Something many seminarians decry, once they’ve entered the workaday life of congregational ministry, is a lack of training they’ve received in so-called ‘practical matters.’ I’ve never been a big fan of this argument, but here’s how it often proceeds- New pastors receive a call, they put freshly framed diplomas and ordination certificates on their new office walls, and soon enough the Finance Team of this new church calls a meeting. The pastors sit down with these wonderful church volunteers (for the record, I will always be deeply, greatly, effusively appreciative of our volunteer Financial Team; a few members whose ministry to you and I is spending their free time going over budgets, counting pledges, implementing stewardship strategies, etc.. Thank you!! And if you want to join the Team, please, please let me know), and they begin talking “Budget.” All of sudden, new pastors feel inadequate to the task. They may be able to quote John 1:1 in Greek, or explain the two-source theory of development of the synoptic Gospels, but most pastors never took a class in financial management or organizational fund-raising. So this conversation can produce insecurity, or defensiveness, or worst of all, a deterioration of their hard-won, but sometimes fragile confidence in their own leadership ability. “If only I’d learned to use Microsoft Excel,” they bemoan, “or took a workshop on fiscal solvency in non-profit organizations…”

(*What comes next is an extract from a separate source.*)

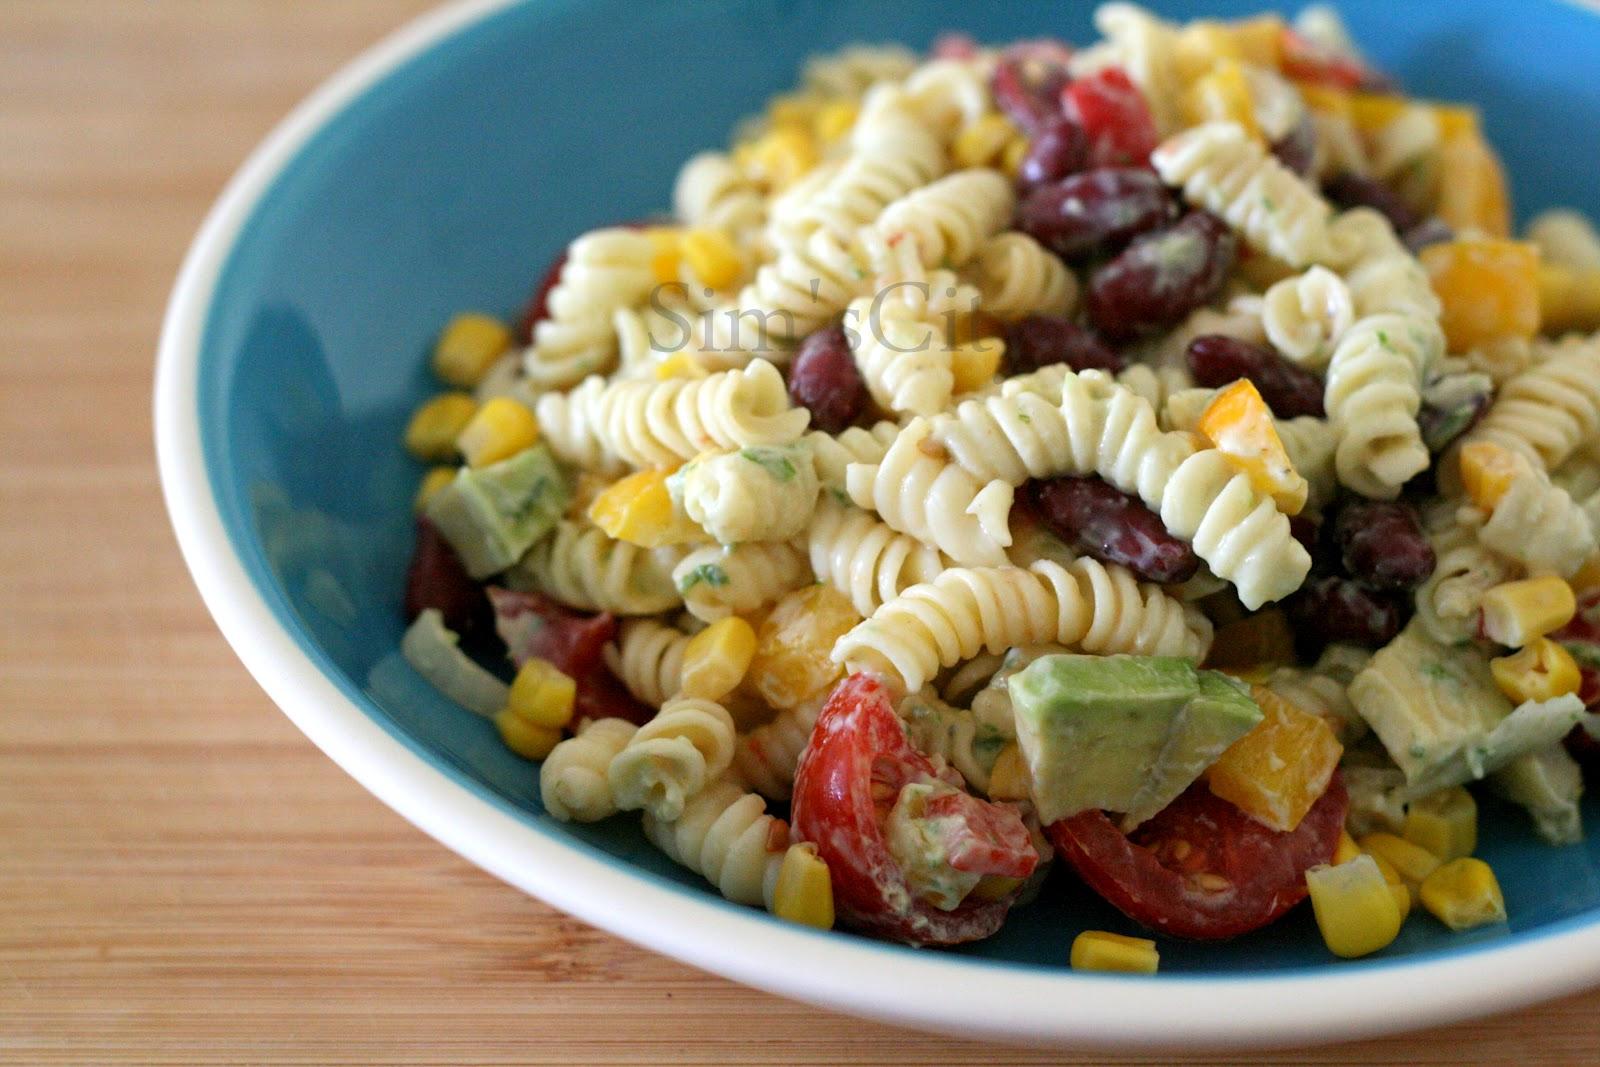 Pesto soslu avokadolu makarna salatası

Perhaps there’s something to those concerns; certainly there’s something real about those feelings of stress and insufficiency. But without trying to sound too glib or insensitive, I don’t buy it. For starters, the most experienced pastors I know, even some who make the argument above, seem quite up to the task when confronted with financial management. Some are even downright creative wizards who might’ve done very well at Lehman Brothers or Bear Stearns (but are currently glad they chose a different calling). So there’s something to be said for experience being a good teacher, and that us newbie pastors should foster the patience to appreciate the many ways that non-ordained church members can help us to be better pastors. And besides, the three years I spent in seminary will be the only time in my life I will wholly focus on learning the faith as richly and comprehensively as possible. I wouldn’t give that up for classes in subjects I can learn just as well from the accountants, and bankers, and managers I’ve met in my congregations.

So when Steve Weaver sent me an email, saying, “I want to do a fund-raiser for the church,” my first thought was not, “Why didn’t I think of that?!?” I thought, “Yesssss!!!” And I hope you’ll join me in being glad that happened. Until then, I didn’t know that this is somewhat of a tradition at Plymouth Creek, a nice and joyful evening of members serving each other, giving to their church and celebrating the ministry we can do together. As I thought back on last Saturday’s auction, something fun occurred to me: that in fundraising for our mission efforts, many of us bought pies, which we subsequently shared with others. Brilliant. We commit ourselves to hospitality, and in response offer hospitality to others. Though, to be honest, if I’d bought a plate of buffalo wings, I might not have shared so easily…

The point is that in learning something new about the way that Plymouth Creek ‘does church,’ it reinforced something I did learn at seminary, and made up for some of the stuff I didn’t- This ministry is our ministry. When it comes to finances or fund-raising, we share the joy being good stewards of God’s resources for God’s outpouring of unyielding love for all Creation. In like manner, when it comes to planning and implementing other ways this community will pursue that grand calling, we share that too. I’ve been humbled thus far by the many ways you’ve undertaken that responsibility, of which Steve’s work is but one example. And thus I’m excited to see what you come up with next. No matter how hard they might try, they couldn’t teach that in seminary.